Al principio todo parecía un puzzle a medio hacer. La mezcla de colores y formas se fue definiendo, revelando una pesadilla. Primero un zapato, después un dobladillo de pantalón y finalmente una mano aparecieron en la luz temblorosa a unos pocos centímetros de los tablones. La luz iba de un lado a otro, como si fuera buscando bombarderos en un enmarañado cielo nocturno. Más manos, una cara podrida, dientes afilados que sonreían sin labios, extremidades desnudas, extremidades vestidas, más caras, más manos, más pies, una pila harapienta de restos mortales, cuerpos hechos despojos como sueños abandonados. Su mano perdió fuerza y la linterna cayó irremisiblemente al hueco.
Al ponerse en pie sintió que un vómito rancio le brotaba en el pecho. Cayó de lado, arrancándose el pañuelo y vomitó una y otra vez, hasta que tuvo el estómago vacío. Estaba a cuatro patas, presa de escalofríos, de llanto y de arcadas. Durante todo este tiempo su cerebro gritaba por la última imagen que había visto antes de soltar la linterna: una cara a sólo unos centímetros de la suya, con las mejillas manchadas de sangre, lo ojos abiertos y la mirada fija. Eran las mejillas de Filius, los ojos de Filius, deformados pero inconfundibles.

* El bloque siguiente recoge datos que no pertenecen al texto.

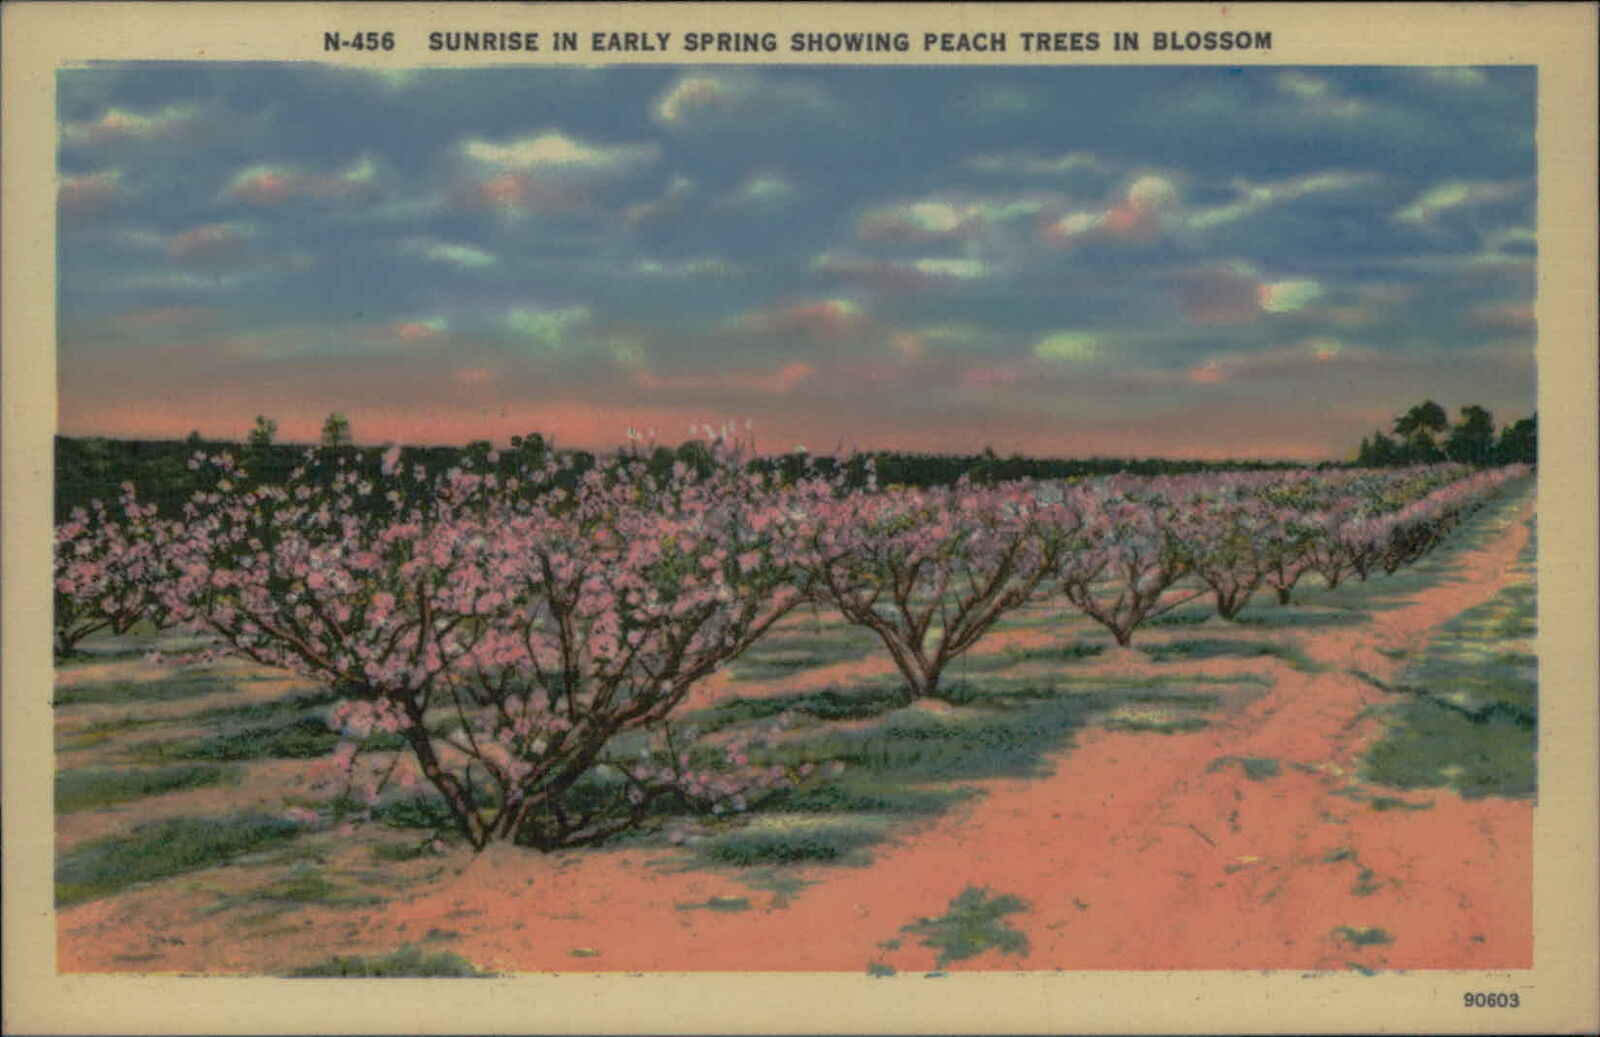 Postcard: N-456 SUNRISE IN EARLY SPRING SHOWING PEACH TREES IN BLOSSOM

A tientas en la penumbra, alargó la mano para tocarle las mejillas. Tenía la piel fría, fría y seca como el pergamino. No se movió ni emitió sonido alguno; pero cuando sus dedos se encontraron con sus labios, sintió un rastro de respiración, una cosa tenue y temblorosa, más suave que la brisa más débil, casi nada. Pero era respiración. La razón le decía que no podía ser verdad; pero había sentido aire frío contra su piel y sabía que o la razón le mentía o la verdad iba más allá de todas las razones que ella conocía.